Here at the museum, we are using eDNA in a community science project called GenePools, where people collect samples of ponds in urban areas and send it in to us to be sampled, to better understand how beneficial our garden ponds are for wildlife
As technology continues to advance and ideas expand, eDNA has the potential to open up really exciting and creative ways to learn about and help to protect the wildlife around us.
Studying eDNA data and other biodiversity data in a ‘data ecosystem’
Here at the Museum, we’re developing a new public-facing biodiversity and environmental monitoring system to help capture, share and interpret data about the UK’s biodiversity. Sponsored by AWS, it’s called the data ecosystem.
The DNA sequence data that we generate through our research will be stored in this data ecosystem, which will then help us combine this information with visual, acoustic and potentially even video observations of wildlife.
Our work with the data ecosystem will explore why the UK’s biodiversity is changing, with a particular focus on urban nature.
‘We can look at the breadth of life in an area, from bacteria through to birds, and study how that changes through time,’ says John.
This work includes baseline studies of what’s found where, such as the Urban Nature Project. The data ecosystem can also be used for longer-term investigations of how whole ecosystems respond to change, such as climate change or to a positive action that we take, such as habitat repair or the creation of new spaces for nature.
The data ecosystem will allow us to bring different kinds of data together, gathered from community scientists and research partners across the UK.
‘The idea is that it will capture wildlife and environmental data from many different projects,’ says John. ‘This will allow us to really understand the UK’s ecosystems in a way we couldn’t before,’ he adds.
As well as sharing data with researchers, the information will also be accessible in a public-friendly way so that anyone from a community gardener to a teacher will be able to access and use this data to support practical actions for nature.
This little wasp is one of 25,000 species of insect in the UK alone, but advancing DNA techniques are already helping in our understanding of this hugely diverse group.
Uncovering hidden biodiversity in UK grasslands
As part of a study investigating how threatened UK grassland habitats can be restored, our scientists here at the Museum have sampled less than a cup of soil from across a network of London chalkland grasslands for its DNA and eDNA. From this tiny amount of soil, they detected the presence of DNA from an extraordinary 7,000 different types of organisms.

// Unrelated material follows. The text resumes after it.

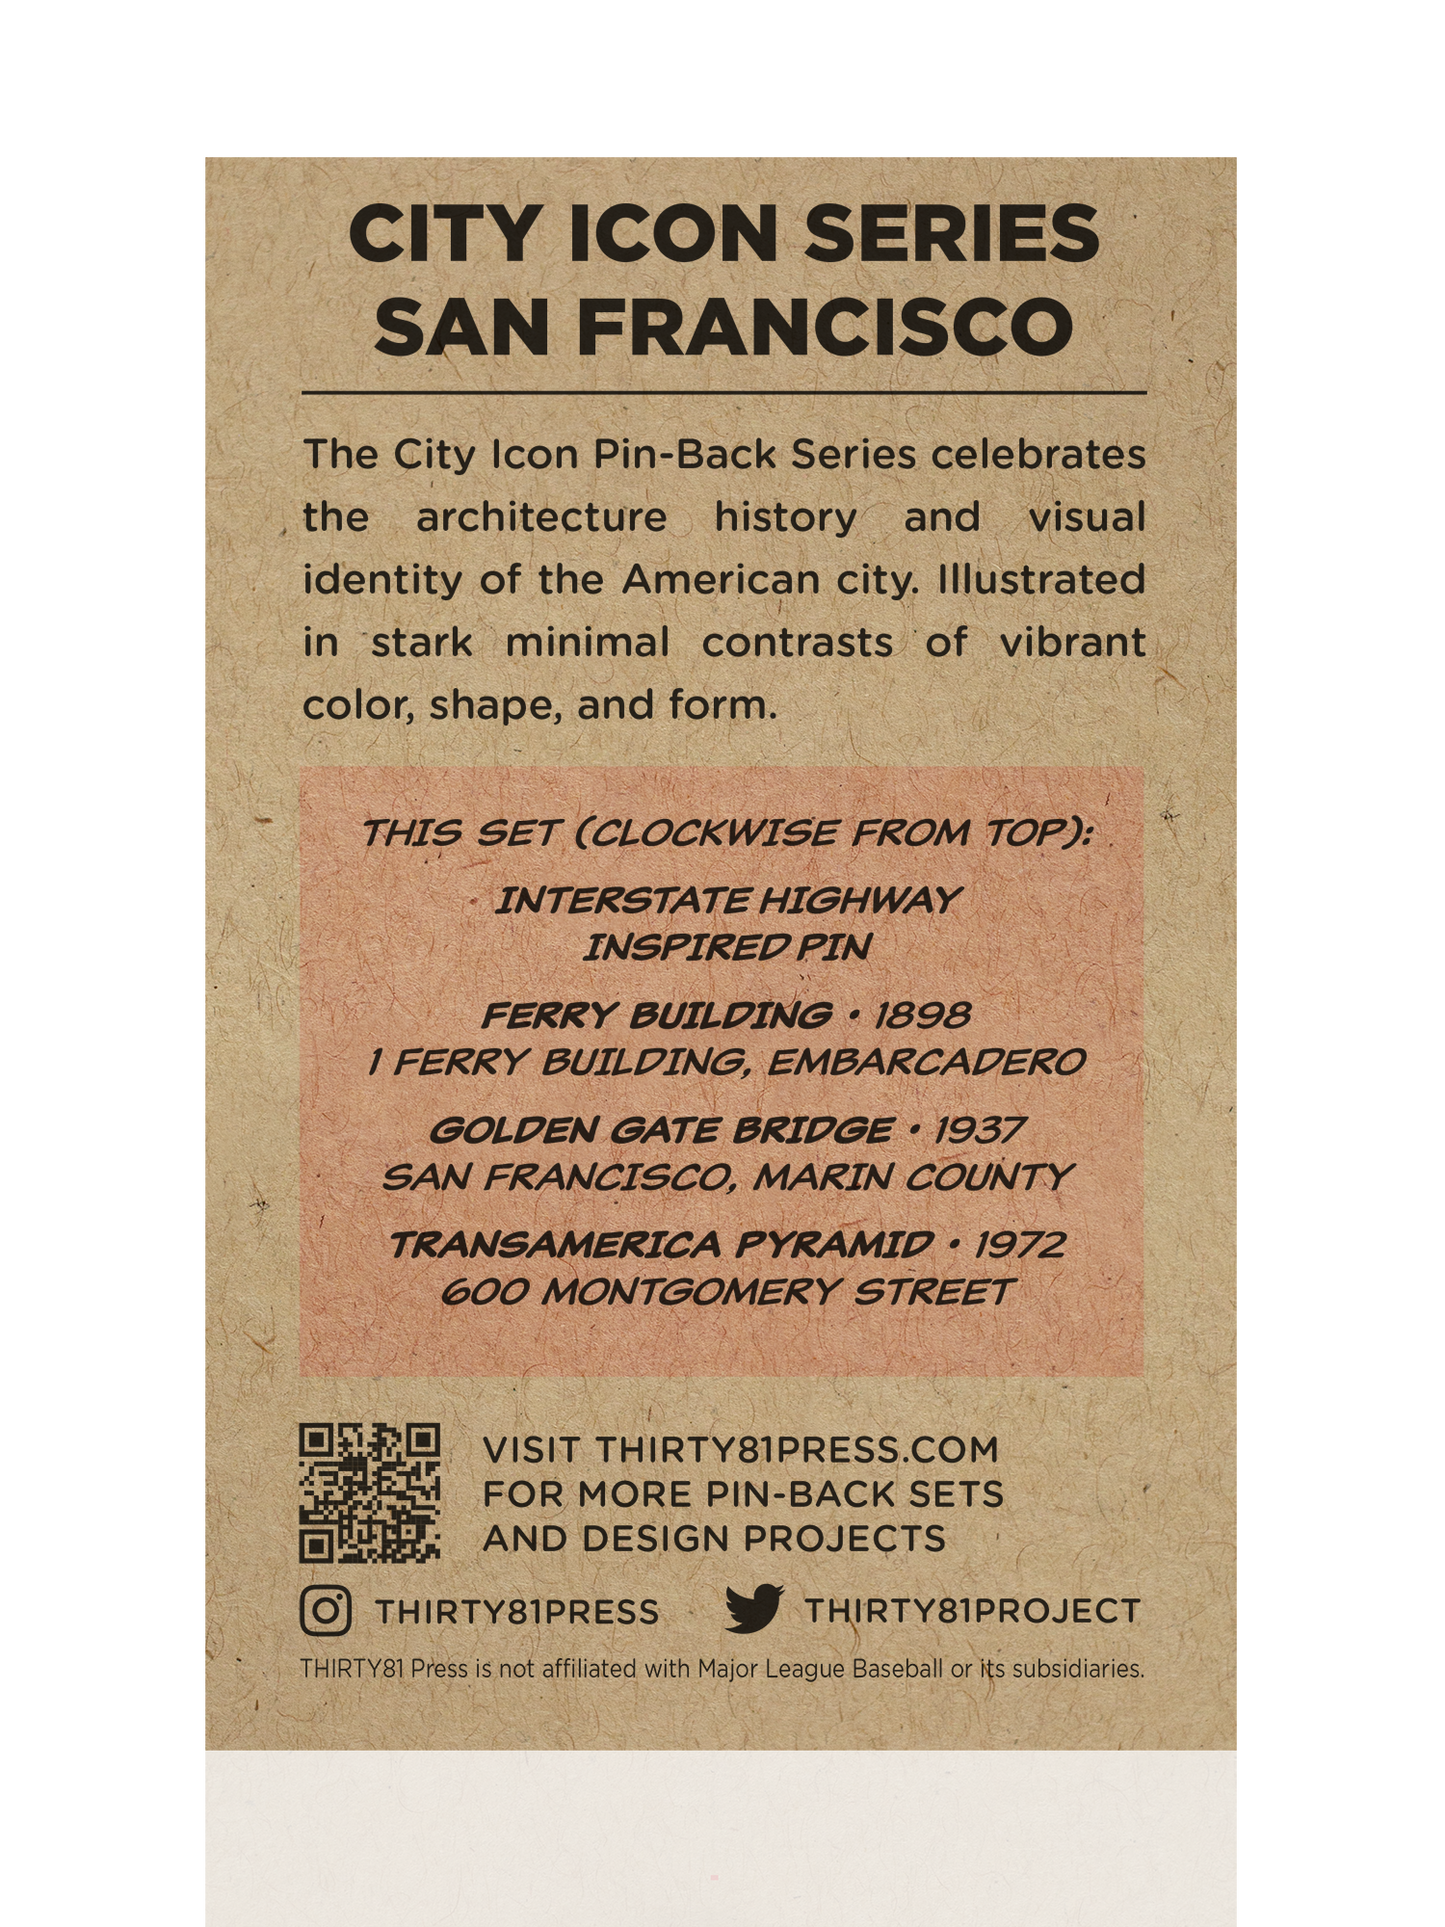 City Icons: San Francisco Pin-Back Set

This incredible diversity of hidden life spans earthworms and fungi, to unicellular algae, nematode worms and a vast array of microscopic protists (non-bacterial organisms that are not animals, plants, or fungi).
Many of these organisms play important roles in maintaining healthy soils and plant communities, but are not normally surveyed. Complementary DNA studies of above ground diversity identified a further 1,000 species of flying insect, including 26 rare and threatened species that were not previously known from the sites.

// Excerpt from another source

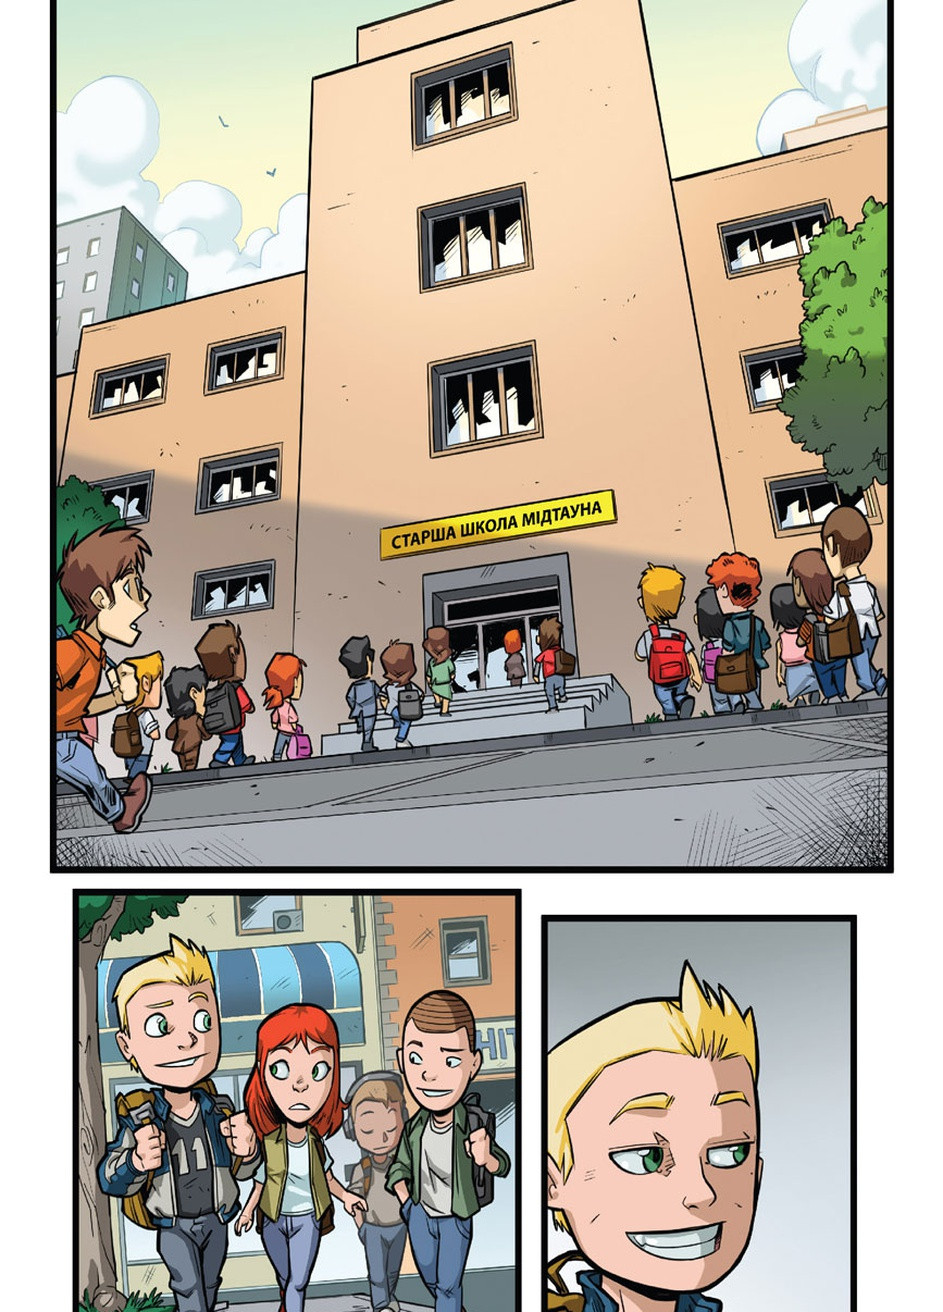 Комикс под названием Супергеройские приключения. Первый день в школе No Brand (257037784)

‘With careful targeting of the right selection of DNA barcodes, eDNA studies can help us to observe most forms of life,’ explains John. ‘A group we still have much to learn about is the invertebrates. This is unsurprising as there are over 25,000 species of insect alone within the UK - and no one person can be expected to identify them all! eDNA studies are already improving our understanding of some of these more challenging to identify species groups, and will become ever more useful as the DNA reference libraries, which map a DNA sequence to the species that it came from, become ever more complete.’